I’ve just configured a new 3rd generation iPad Pro 11’ (1TB storage, 16 GB RAM) with Codea and am running an app I’ve previously developed that calculates and renders a full screen’s worth or small voronoi polygons (heavy on the floating point math) and notice that it runs SO MUCH SLOWER than the same exact code did on a 1st generation iPad Pro 11’ (256GB storage, 4GB RAM). Does anyone have any insights into what’s going on here?

Comments

  • Posts: 128

    Wow, @rvmott, you’ve got a super new iPad! I’ve got the the lower line version of your pair (original 9.5 iPad Pro and more recently the 8GB 11 iPad Pro), and 3D models consistently seem to render much faster on my new iPad Pro. If you post the code you are testing, I’d be happy to compare the speeds of rendering on my pair if that helps.

  • Posts: 2,689

    @rvmott - not sure which gen is metal, but if you have a metal system perhaps the need to convert from old to new graphically is slowing the process.

  • Posts: 5

    Voronoi code posted here. Curious if anyone else experiences the same problem.

  • edited April 30 Posts: 308

    how much slower is slower? it renders for me in about 1-2 minutes

    one thing to keep in mind is the pixel count is much higher in newer models so the use of HEIGHT and WIDTH will be different, probably making your loops much longer; actually never mind, the 1st gen ipad pro has the same resolution

  • Posts: 5

    Thanks everyone for your feedback on this so far. The code runs to completion in about 17 seconds on my 1st generation device, but takes around 47 seconds to complete on the newest, 3rd generation device.

  • dave1707dave1707 Mod
    edited April 30 Posts: 9,977

    I tried it on my iPads. Is there any way to set the size so it can be the same on different devices. That way it would be a better speed comparison.

    PS. It also cancelled on the air 4 when it should have completed.

    iPad Pro 1 54 sec.
    iPad Air 3 23 sec.
    iPad Air 4 69 sec.

  • Posts: 128

    @rvmott, similar outcome for me:
    iPad Pro (new 3rd gen 11 inch 8GB, iOS 15.4): 48 sec
    IPad Pro (original 9.7 inch, iOS 15): 24 sec
    (Original iPad slightly smaller resolution but wouldn’t think should make that much difference).
    That is strange— not sure if everyone is comparing same iOS to iOS (in case that is a confounding variable).

  • Posts: 5

    Thanks @SugarRay for running the same tests on your devices!
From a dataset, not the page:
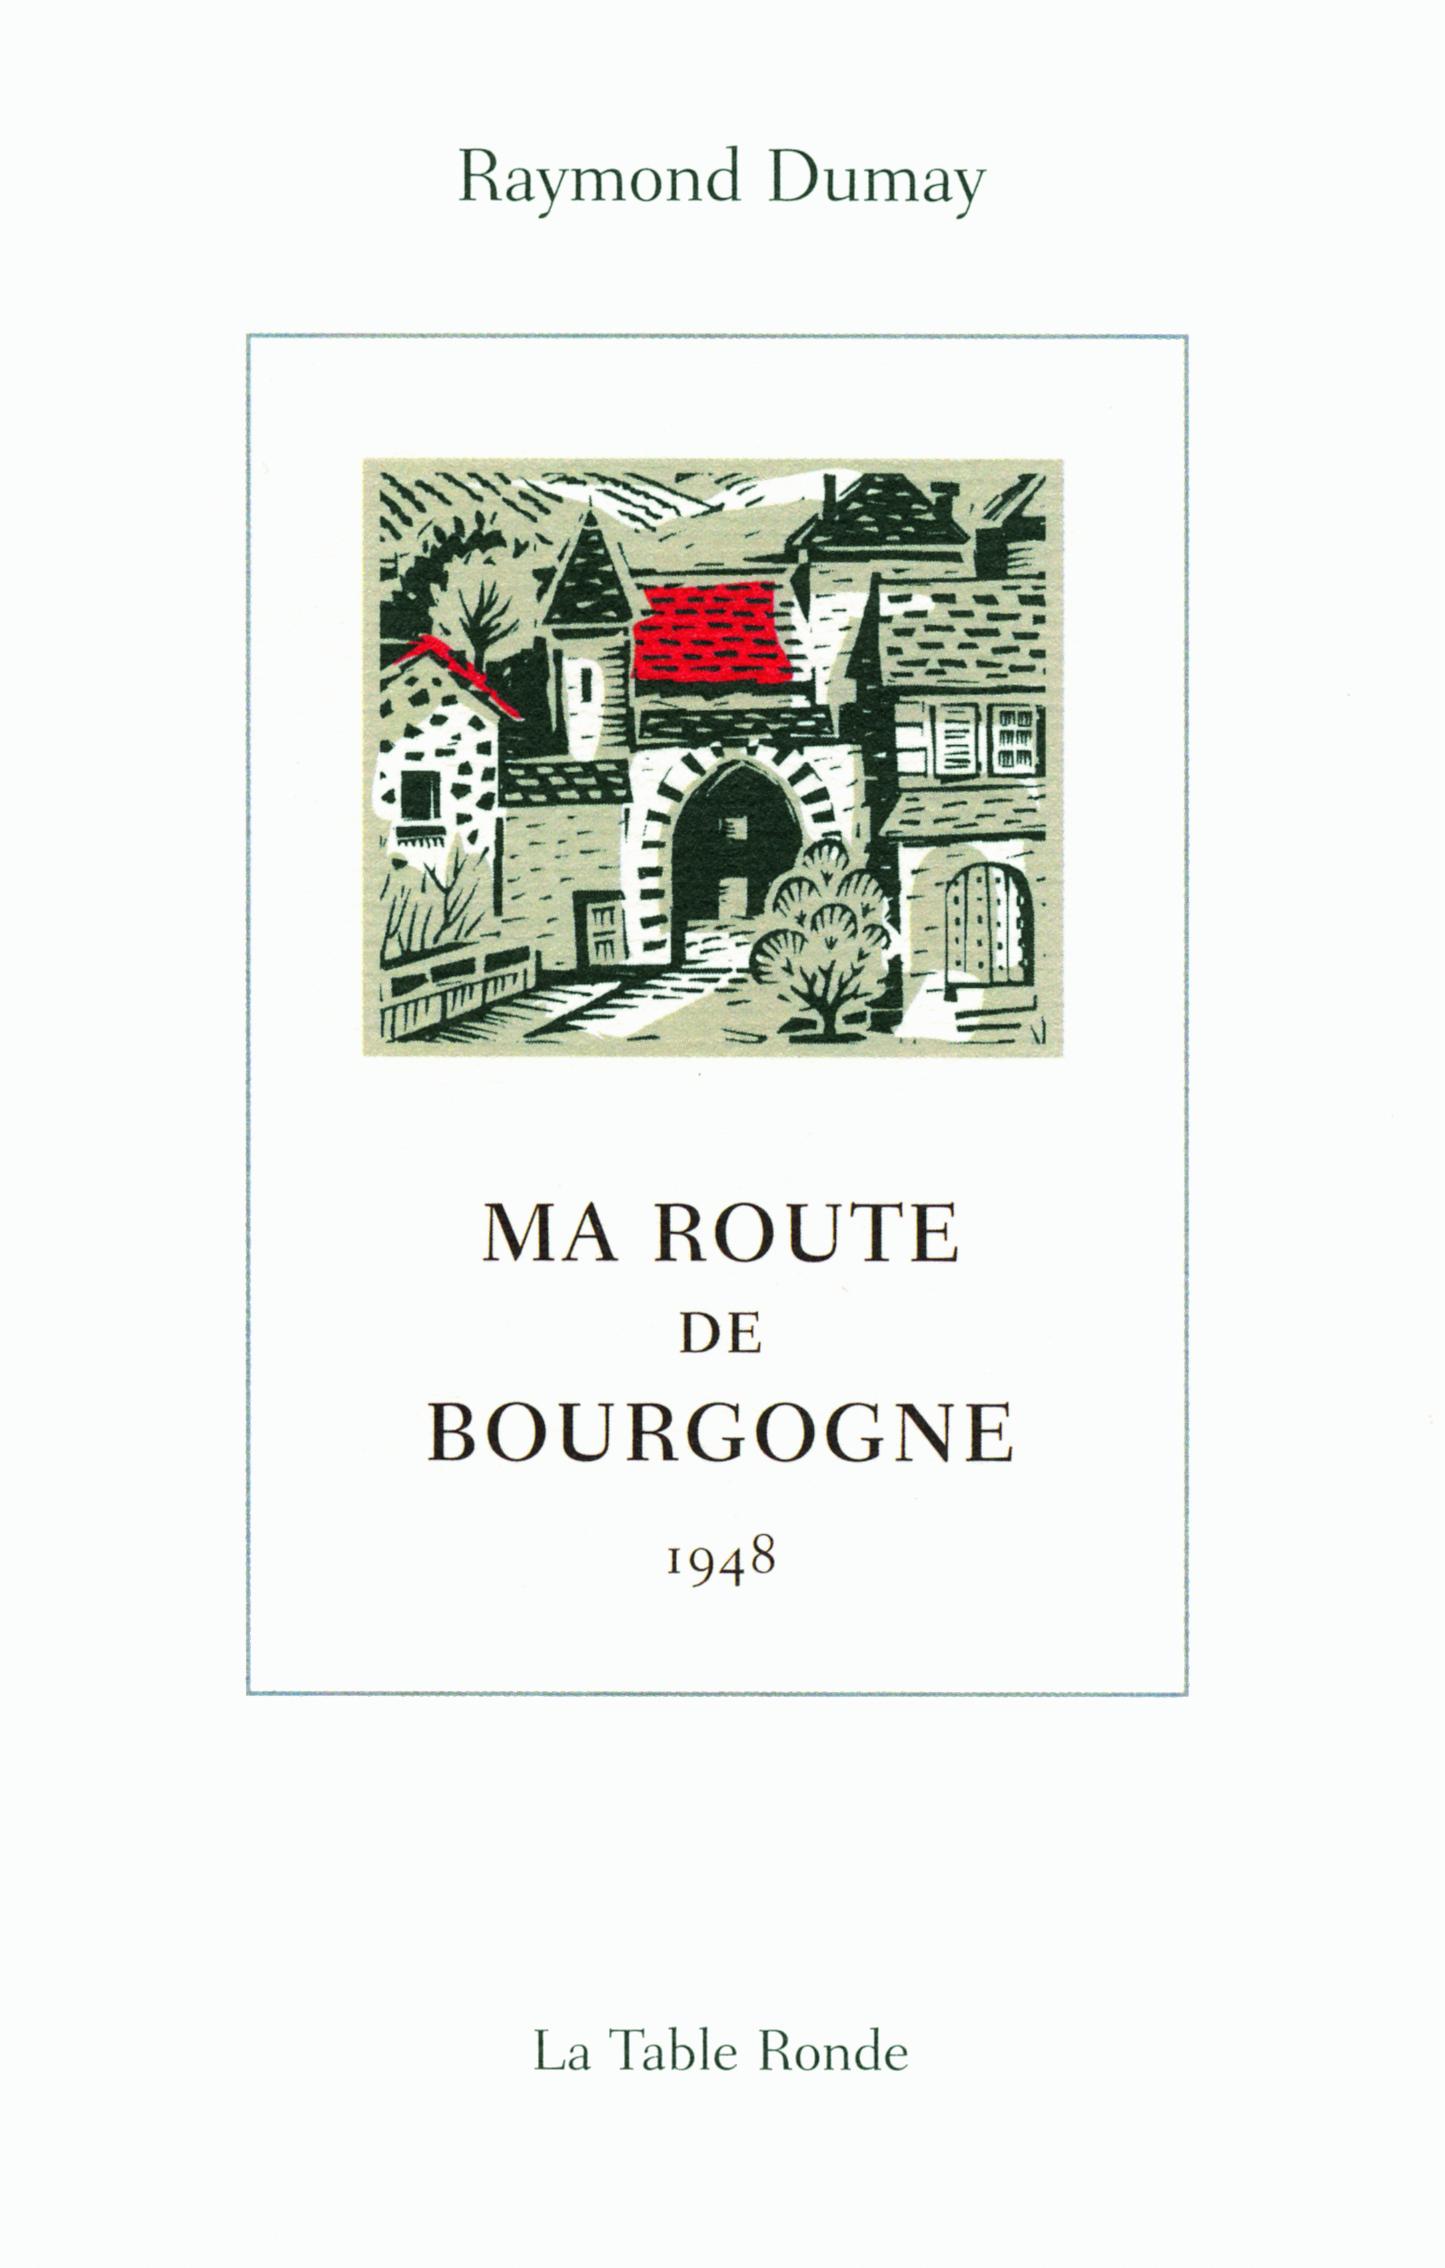 MA ROUTE DE BOURGOGNE - (1948)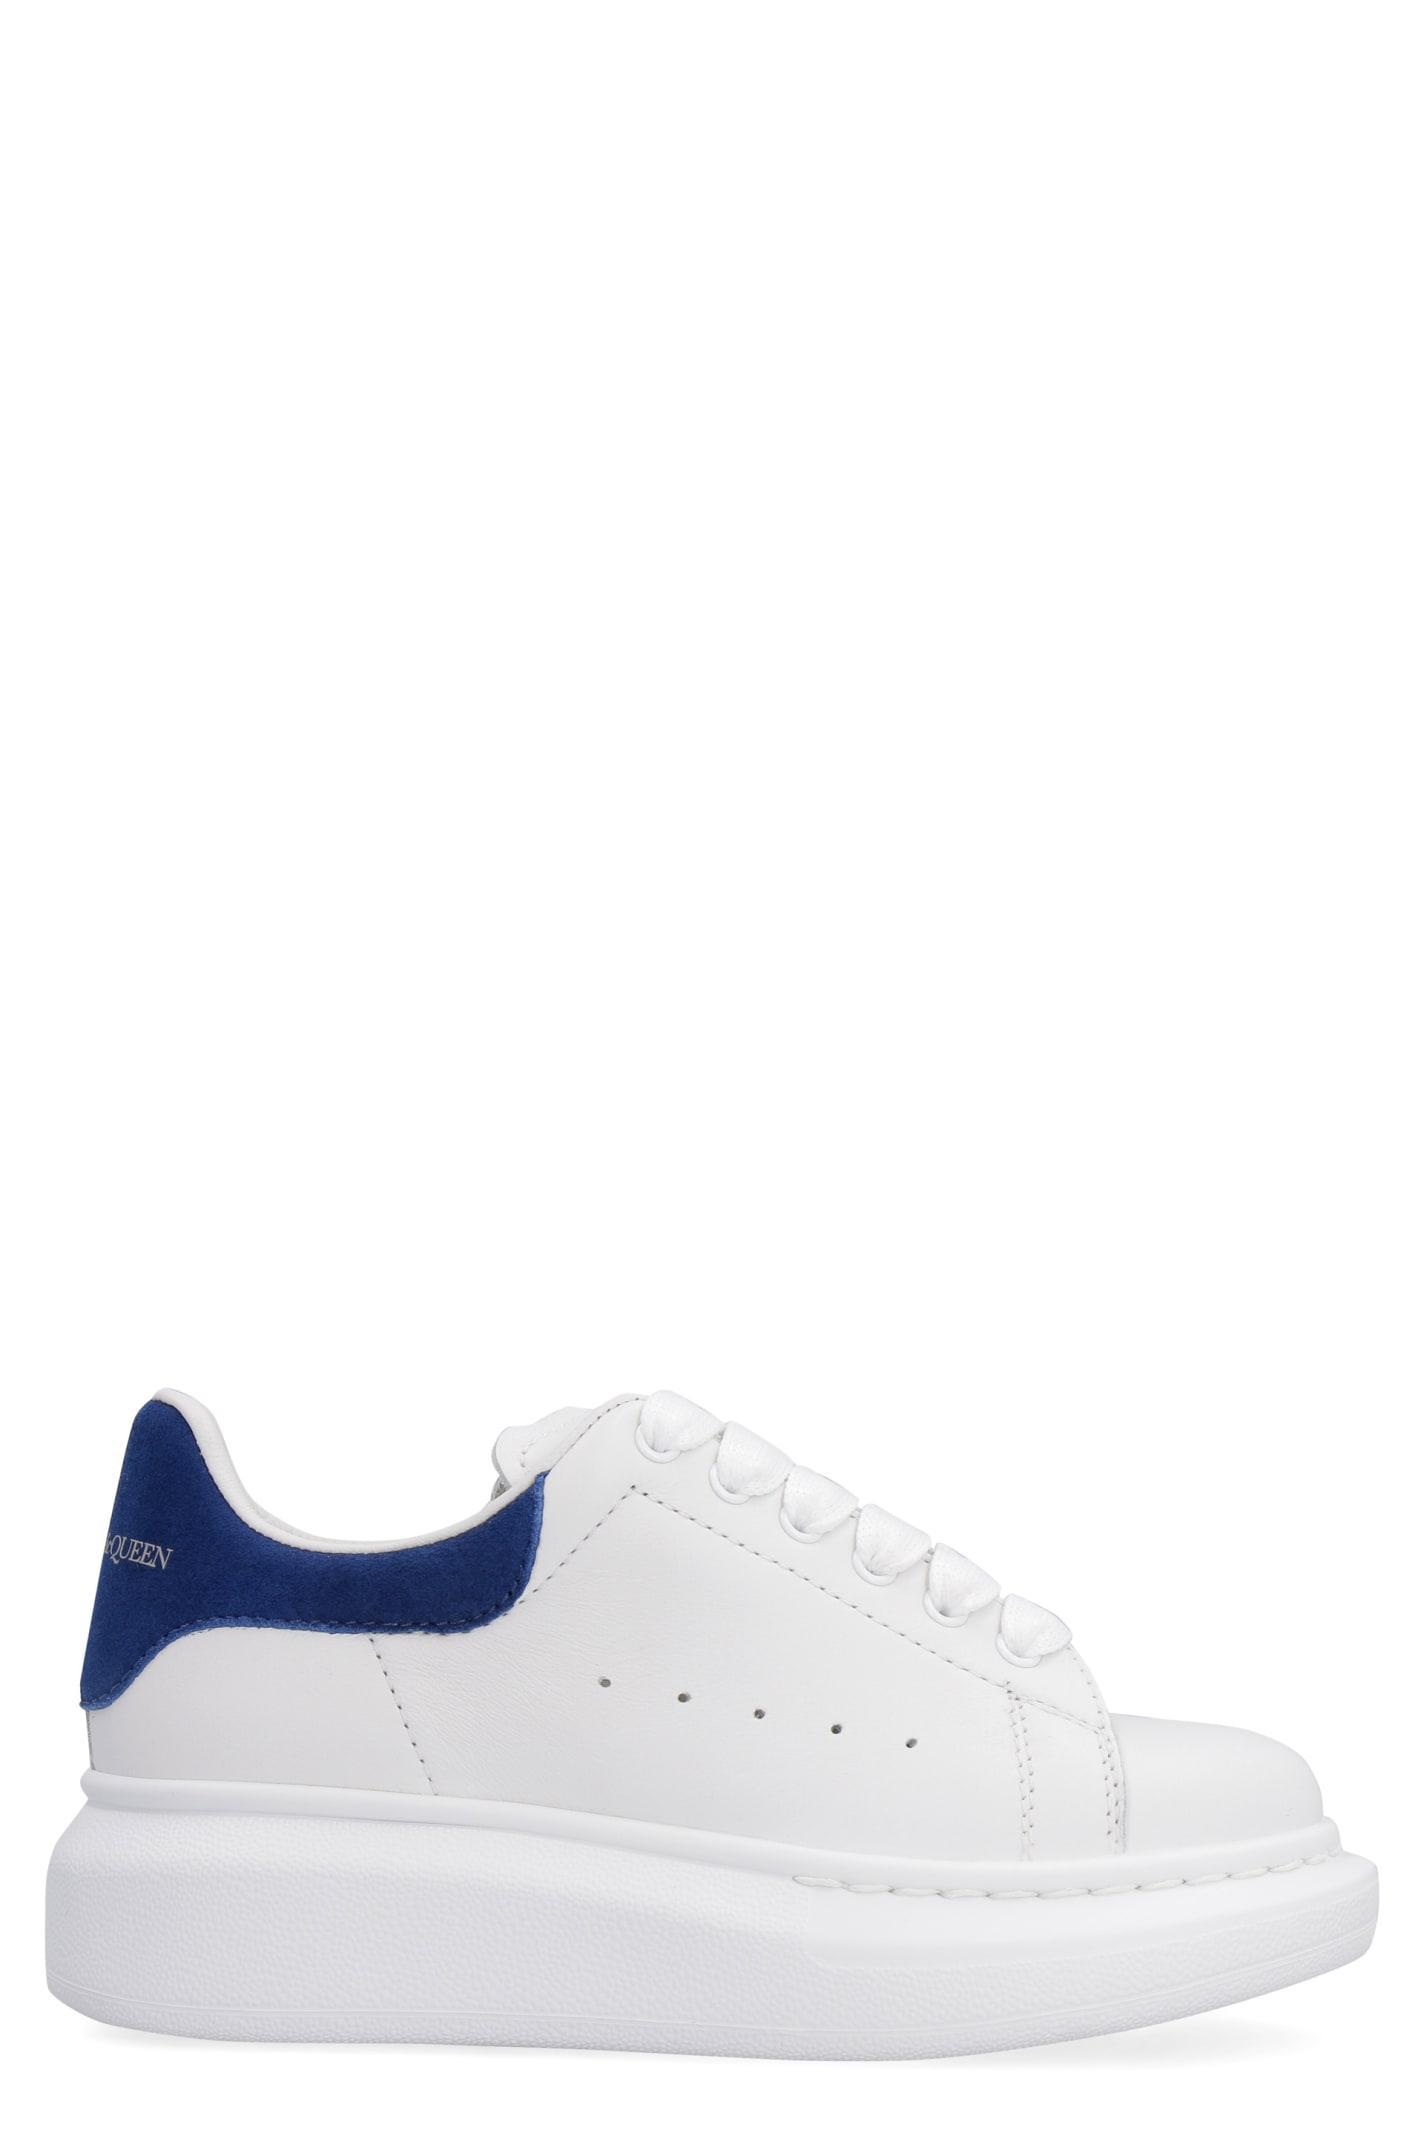 Alexander McQueen Molly Leather Low-top Sneakers

    @John - are there any settings that I am overlooking for optimizing performance with my app?

  • JohnJohn Admin Mod
    Posts: 762

    @rvmott I'm not exactly sure why the performance drops so much on a newer device. But I did try commenting out line 362 (unnecessary call to setContext()) in the code you posted on my M1 Max (a very new device) and got significant performance gains.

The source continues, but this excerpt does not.